For working mothers with Singaporean children born or adopted before Jan 1, 2024, there will be no changes to their Working Mother’s Child Relief. They can continue to claim it based on the existing scheme, said NPTD in its media release.

For example, if a working mother has two Singaporean children born in 2021 and 2024, she will be able to claim a tax relief of 15 per cent of her earned income for the first child and S$10,000 for her second child for the 2025 Year of Assessment. 

The total amount of relief an eligible working mother can claim for all her children is capped at 100 per cent of her earned income for the Year of Assessment. It is also subject to a total cap of S$50,000 per child. 

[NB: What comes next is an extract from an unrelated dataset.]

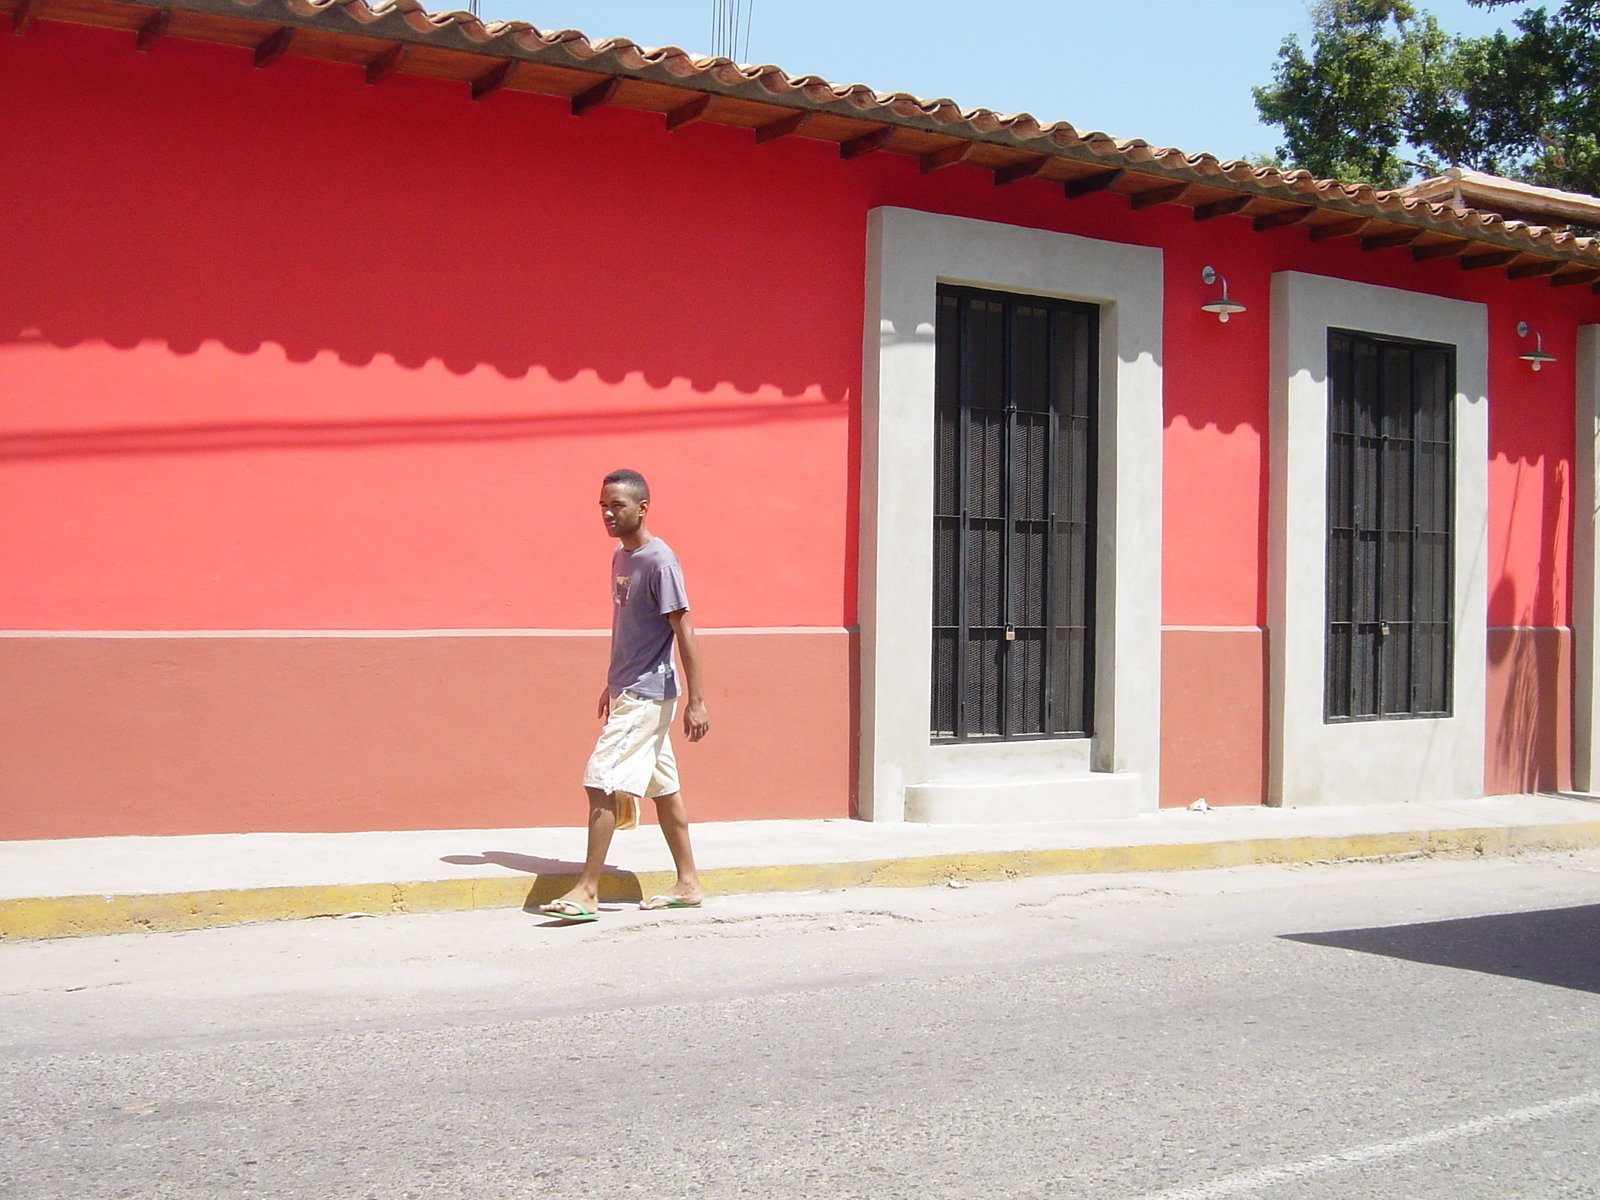 a man is walking on the sidewalk beside an old red and pink building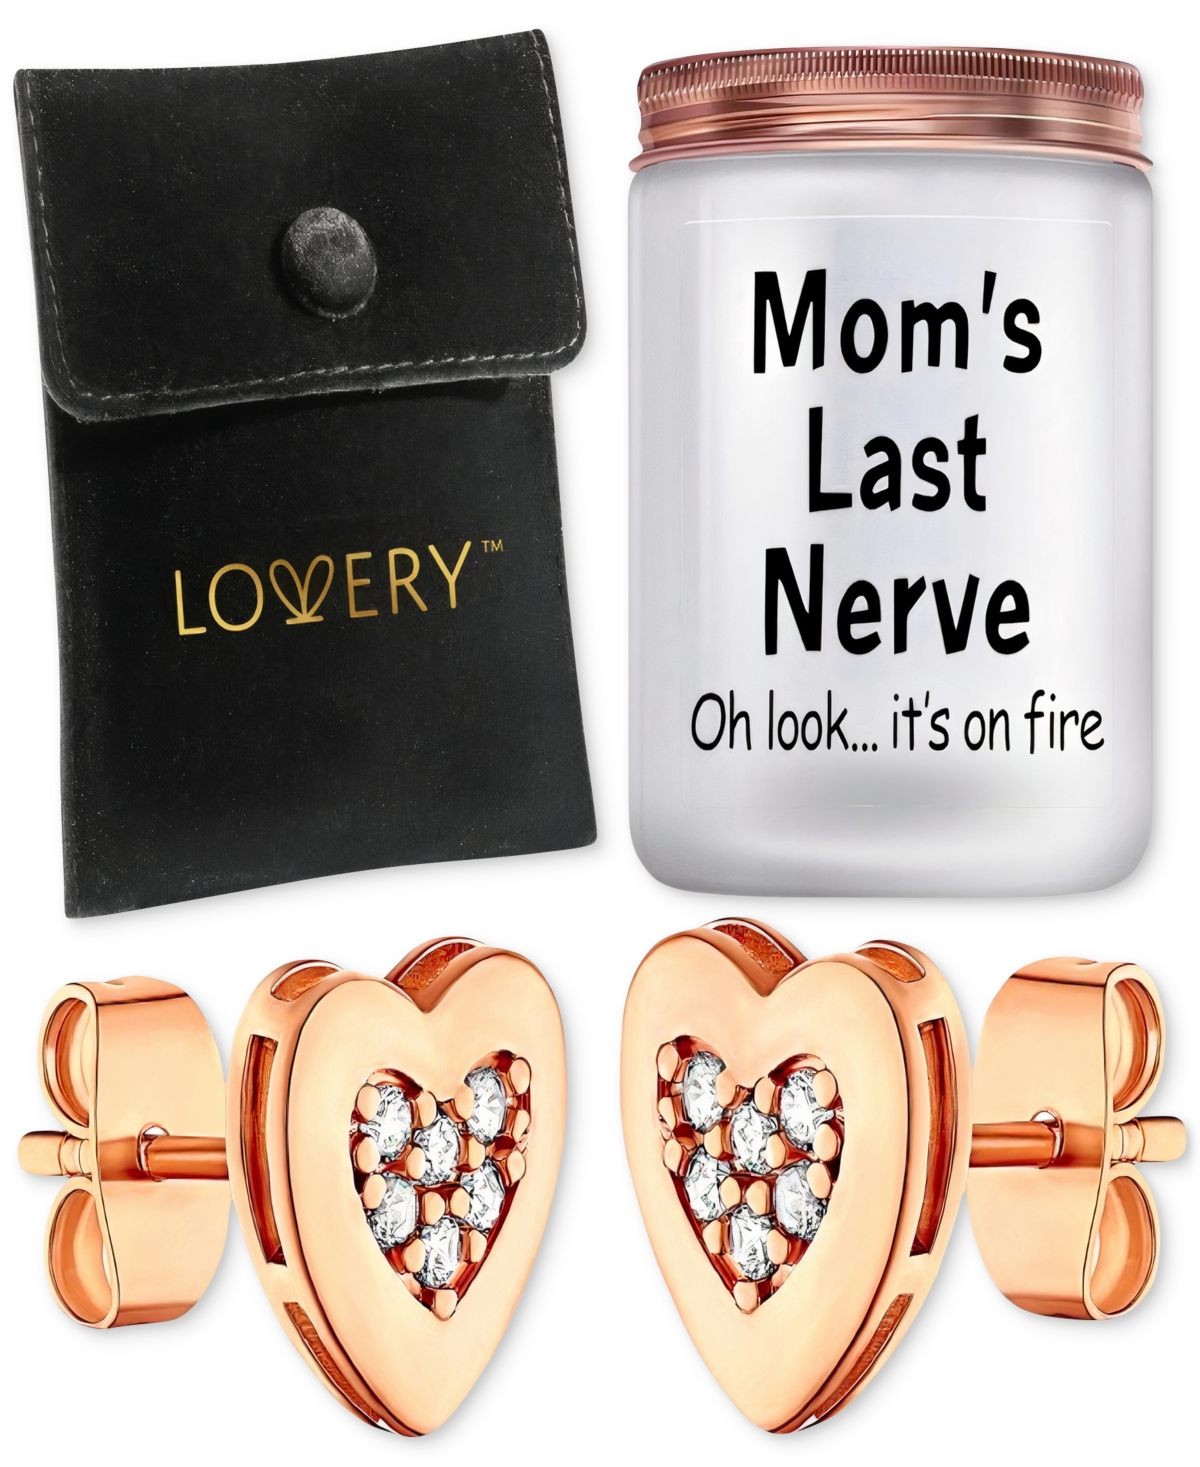 3-Pc. Heart Earrings & "Mom's Last Nerve" Candle Gift Set

“Effectively, this will provide more Government support for eligible lower- to middle-income working mothers,” said Mr Wong. 

The Foreign Domestic Worker Levy Tax Relief will lapse from the Year of Assessment 2025, said Mr Wong. 

“This is because we already have a migrant domestic worker levy concession, which provides more targeted support for families who need help caring for their dependents, including young children below 16 years old,” he explained.

Currently, the concessionary levy is S$60 per month, compared to the standard levies of S$300 and S$450 per month for the first and subsequent domestic helpers respectively. Families caring for dependents, including children below 16 years old, the elderly or people with disabilities who need a migrant domestic worker, can benefit from this concessionary levy. 

The Foreign Domestic Worker Levy Tax Relief was introduced in 1989 to support working married women who needed the help of a migrant domestic worker, especially those with childcare needs.

Under the current scheme, eligible individuals can claim double the total migrant domestic worker levy they paid in the preceding year for one domestic worker, said NPTD.